PS: thanks to give me an other choice it was not enought difficult to choose :thinking:


----------



## yellow (Nov 4, 2007)

Sorry, seems I was not specific enough:

I dont think such a model will be available soon, this would be a custom job:
https://www.candlepowerforums.com/threads/144418

but the smaller diameter 17650 fits in without any modding.


----------



## framboisier (Nov 4, 2007)

still don't know wich one to buy....

- i wonder if the princeton apex pro runn with Cr123 li-ion battery in order to recharche them
- black diamond ICON seems to not be regulated despite the description from the website
- princeton APEX (not the PRO) is to heavy

What about the rayovac running with K2 ???

I will probably finish to buy a zenix IQ, wich seems to be regulated (3.5 stars from flashlightreviews)

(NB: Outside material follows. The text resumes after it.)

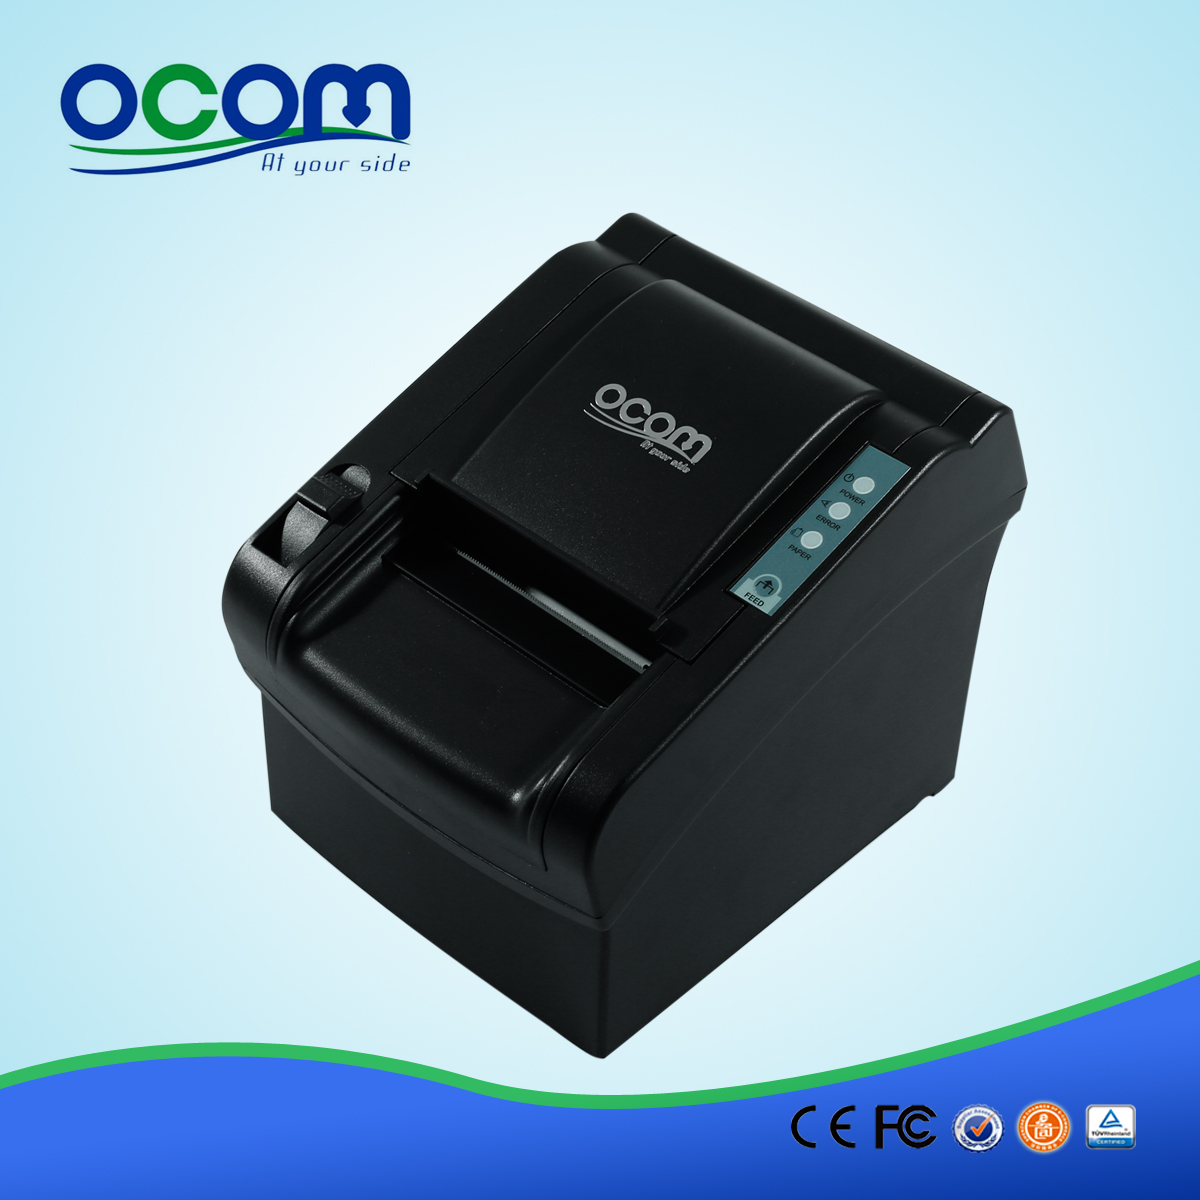 OCPP-802: levering goedkope thermische printer module, thermische printer prijs in India
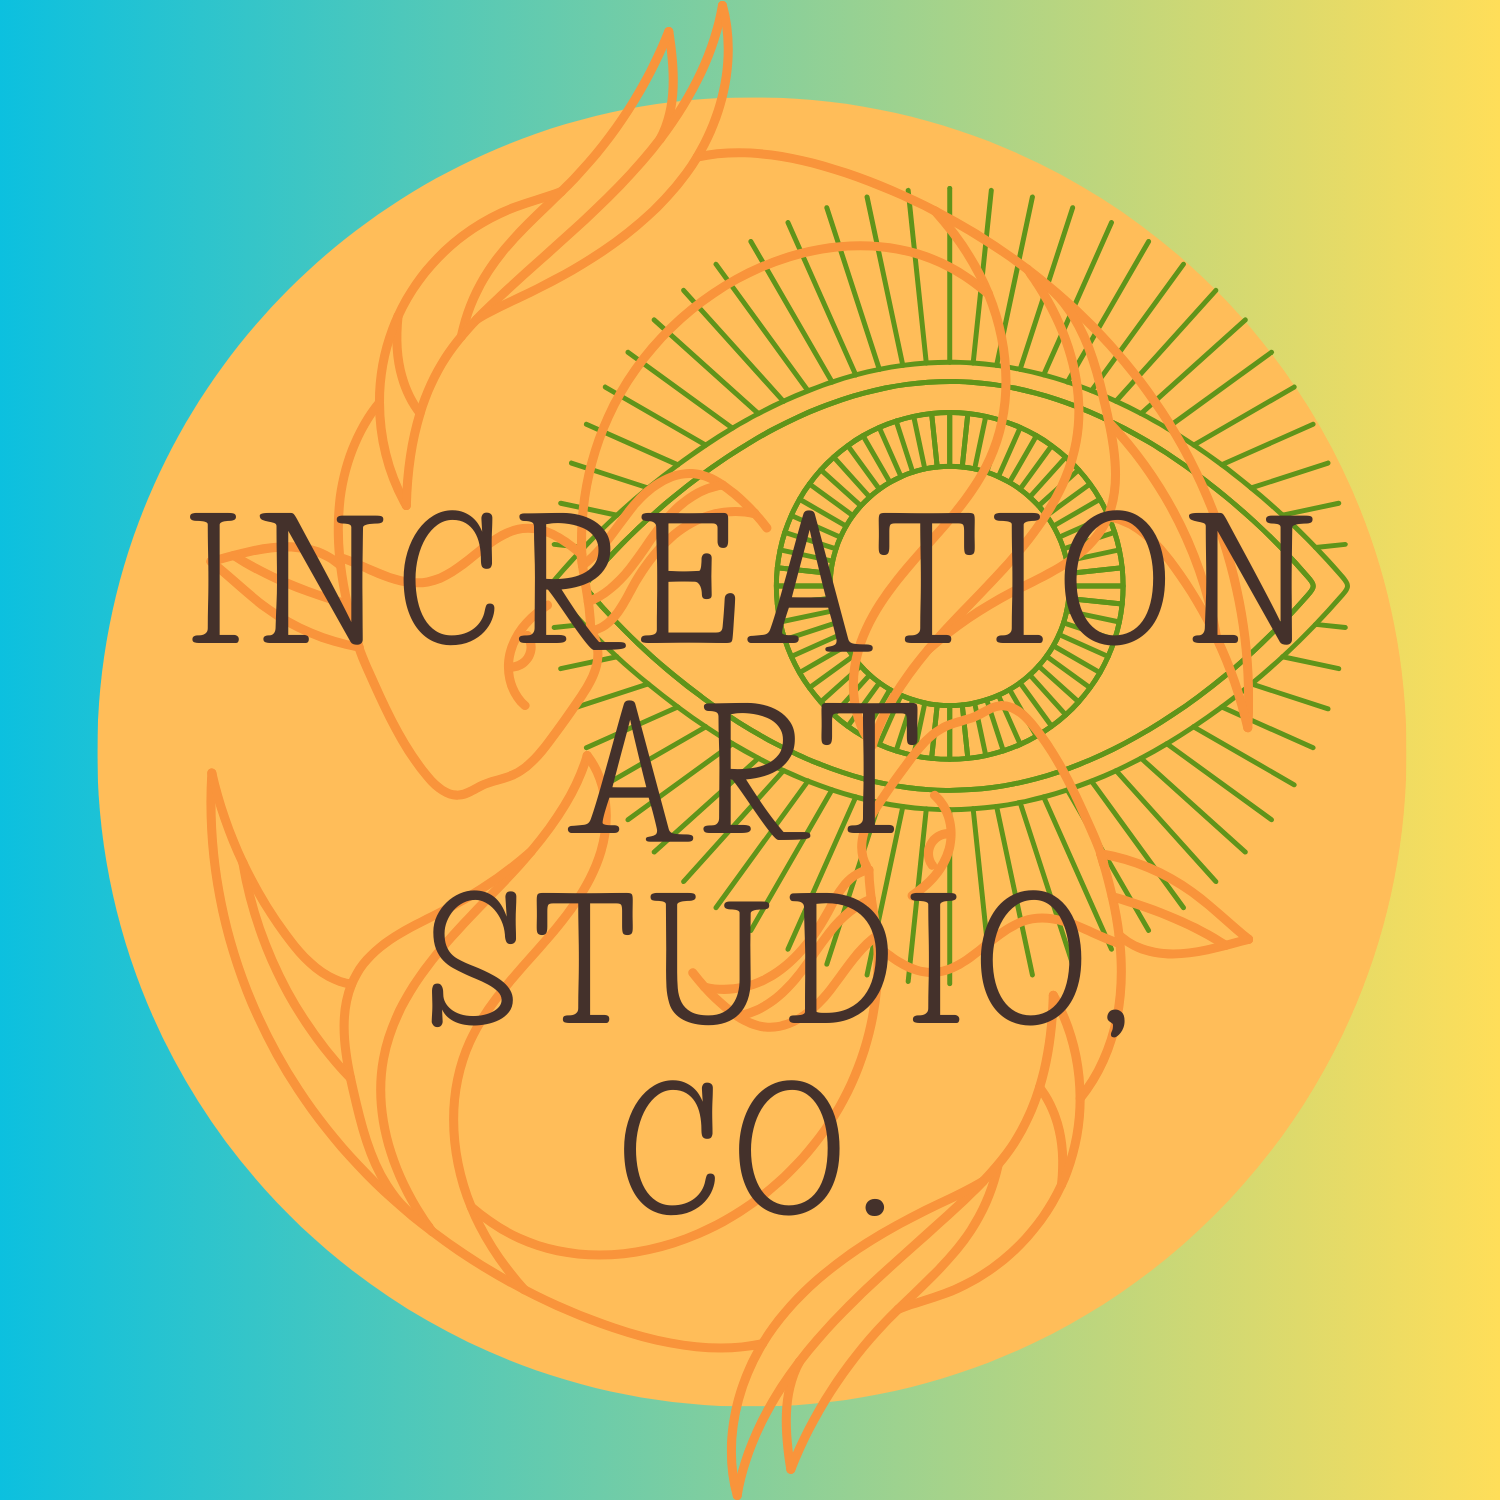 InCreation Art Studio, Co.

thanks to advice me ;-) I'm lost....


----------



## chris_m (Nov 4, 2007)

I do a lot of night orienteering - though I'm afraid I'm using a custom made quad Cree torch with remote battery pack. I do also have a Princeton Tec Eos which I've upgraded with a Seoul P4 LED, which I am contemplating taking out on one of my less important events - that would be plenty enough light, though obviously not as good as my big homemade light. Is fine for running with, and I think the runtime should be about 3 hours
if that's enough (not sure why you need more than 2 - the longest I'm out for is 1.5 hours, unless you're talking about adventure racing (Raid des Nature) which I do also - in which case just use a lower setting for longer run time).


----------



## acourvil (Nov 4, 2007)

framboisier said:


> still don't know wich one to buy....
> 
> - black diamond ICON seems to not be regulated despite the description from the website



The older version is not regulated; the new version is (I have one of each).
Edit: I actually have the Xenix/Xenix IQ, not the Icon. The newer version is regulated, bit I'm not sure about the Icon. Sorry for any confusion I created.


----------



## BlackDecker (Nov 4, 2007)

redglare said:


> I think if I were running at night on the road I would take my Zebralight H50. I haven't run with mine yet, but I think it's great for walking at night.
> 
> 2 hours + on high from a single AA.
> 
> The broad flood beam pattern would be a lot less disorienting for me than any flashlight or headlamp with a narrow spot beam. I will say that I was a distance runner for a number of years and my stride was never very smooth. A flood beam like with the Zebralight would not appear to bounce around wildly like a that of a flashlight with a bright spot because so much of the edge of the Zebralight's beam is spread out so widely. It wouldn't be like you were looking down a narrow, bouncing tunnel of bright light. It is more like having a tiny lantern to light the way.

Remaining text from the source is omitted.